Court Opinion

ID: 7160520
Source: CourtListenerOpinion
Date Created: 2022-07-24 16:15:55.235859+00
Date Added: 2024-06-11T16:15:21.441417
License: Public Domain

Bullard, J.
delivered the opinion of the court.
*61The heirs of Erwin commenced an action against the heirs of Wright to revive and make executory against them a judgment alleged to have been [95] recovered in 1824 by Erwin against Wright, the ancestors of the respective parties. Pending that suit execution issued on a judgment recovered by the defendants, now known as Bissell and wife, against the heirs of Erwin for $4000 in an action of warranty. See 15 La. Rep. —. Thereupon the plaintiffs obtained an injunction on the allegation that the two judgments, being between the same parties, were both extinguished by compensation. The two suits were cumulated and tried together, and the injunction having been made perpetual, the defendants appealed.
The defence principally relied on, in the court below as well as here, is, that in the case of Bissell and wife v. The heirs of Erwin in warranty, the latter had averred in their plea to the action, that a final settlement had taken place between Erwin and Wright in 1828 of all their money transactions, which resulted in a balance due the former of $14,000, which was claimed in reconvention.

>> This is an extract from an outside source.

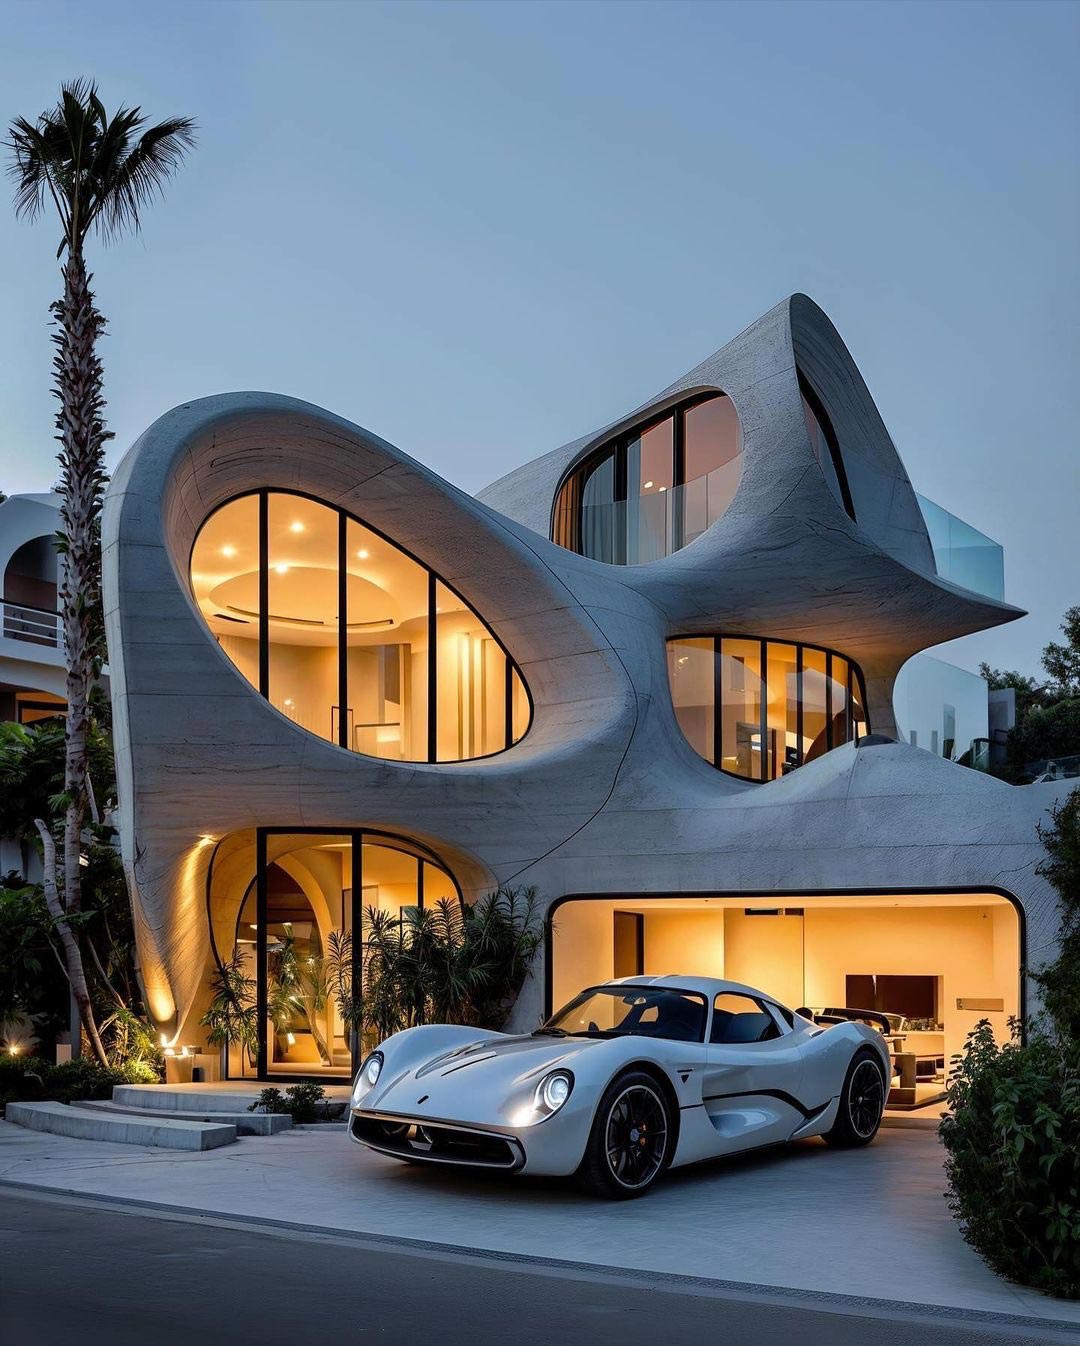 Abstract-Shaped Home Design Front entrance with sports car in drive-way

On recurring to the record in the case of Bissell and wife v. The heirs of Erwin, we find the following plea or exceptions: “ And the defendants would further allege and avow that the plaintiffs, in their capacities above mentioned, are justly indebted to the defendants, as heirs, &c., of the late Joseph Erwin in another and further sum of $14,000, in this, to wit: that that the said Joseph Erwin and the said Abram Wright having long and intricate accounts existing between them for several years, did on or about the 25th day of November, 1828, come to a complete and final settlement of all their previously existing accounts and ti'amactions, by which it appeared that the said Abram Wright fell indebted to the said Joseph Erwin in the said sum, and which the said Wright then and there acknowledged to be justly due to the said Erwin.” They conclude by praying judgment against the heirs of Wright for the said sum of $14,000, as well as for other sums.
The court below treated this merely as a plea of res judicata and did [96] not consider it as sustained by the exhibition of the record in the case of Bissell and wife v. The heirs of Erwin. We are of opinion, however, that whether the plea of res judicata ought or ought not to have been sustained, and wh ether the judgment in the case of Bissell and wife v. The heirs of Erwin adjudicated finally upon all accounts between the parties or not, that the plea in which it is averred that a final settlement had taken place in 1828, was an admission which precludes the heirs of Erwin from claiming a balance apparently due on the judgment of 1824. The terms of the plea are general and embrace all accounts and transactions between the parties down to the period of the settlement. The balance due on the judgment of 1824, must therefore have been merged in the balance of $14,000, found due upon settlement.
But it appears to us that the demand in reconvention formed a part of the issue submitted to the jury, and the verdict being for $4000 in favor of Bis-sell and wife, negatived that demand. Admitting that it might have been assigned as error that the jury took no notice of the reconvention, yet no objection was made to the form of the verdict on the appeal, and in our opinion *62the judgment forms the authority of the thing adjudged, upon all the matters and demands set up in the pleadings.
The judgment of the district court is therefore reversed, and ours is that the injunction he dissolved, and that the defendants recover of the plaintiffs ten per cent, damages, and costs in both courts.